2006 Australian federal budget
- Submitted: 16 May 2006
- Submitted to: Parliament of Australia
- Country: Australia
- Parliament: 41st
- Party: Liberal/National Coalition
- Treasurer: Peter Costello
- Surplus: A$10.08 billion
- Website: www.budget.gov.au/2006-07/

= 2006 Australian federal budget =

The 2006 Australian federal budget for the Australian financial year ended 30 June 2007 was presented on 16 May 2006 by Peter Costello, the Treasurer of Australia in the Howard government.

The budget provided for an underlying cash surplus of $10.8 billion, the government's ninth surplus. The net government debt was zero in the 2006–07 year, the first time in three decades, from a peak of 18.5% of GDP ($96 billion) in 1995–96.

The budget included further personal tax reform including tax cuts worth $36.7 billion over four years.

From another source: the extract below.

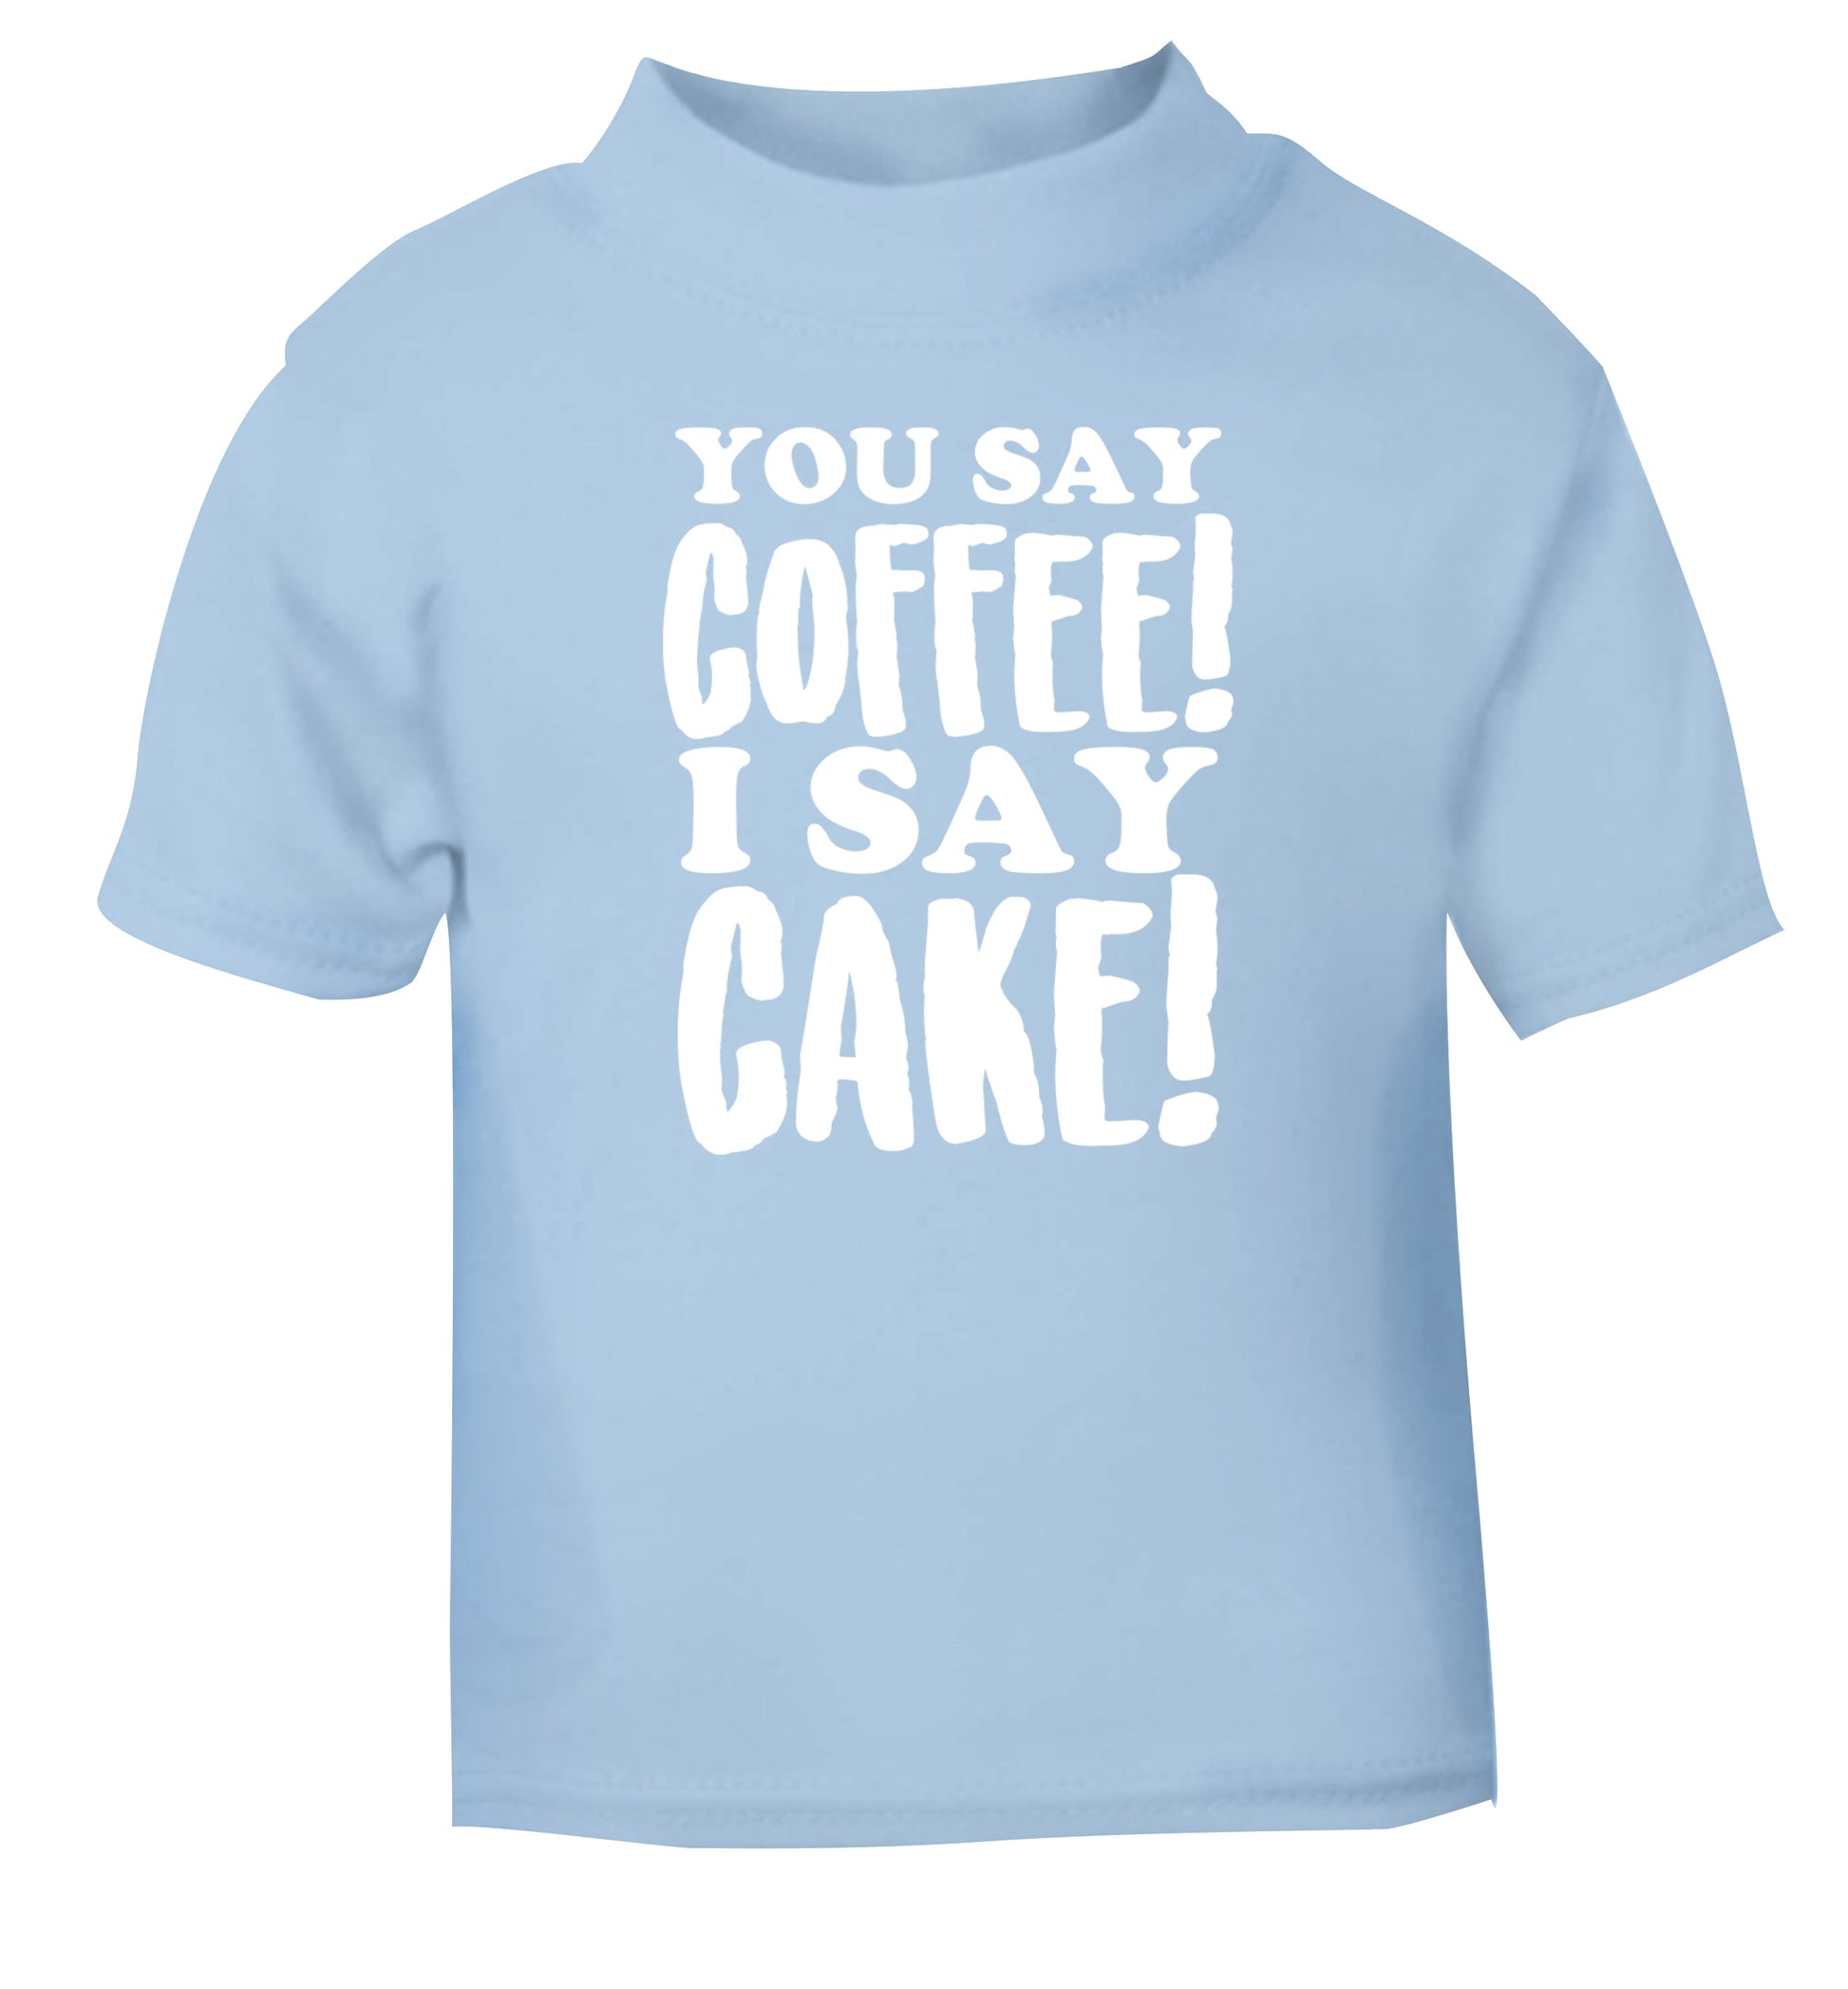 You say coffee I say cake! light blue Baby Toddler Tshirt 2 Years

Major improvements to business taxation to encourage take‑up of new technology and to simplify taxes for small business. There was also a plan to dramatically simplify and streamline superannuation. Other key initiatives include $2.3 billion for road and rail infrastructure, including to upgrade key sections of the Hume, Bruce and Pacific highways more quickly, a $1.9 billion boost to funding for mental health services, and families, older Australians and carers were to receive more support.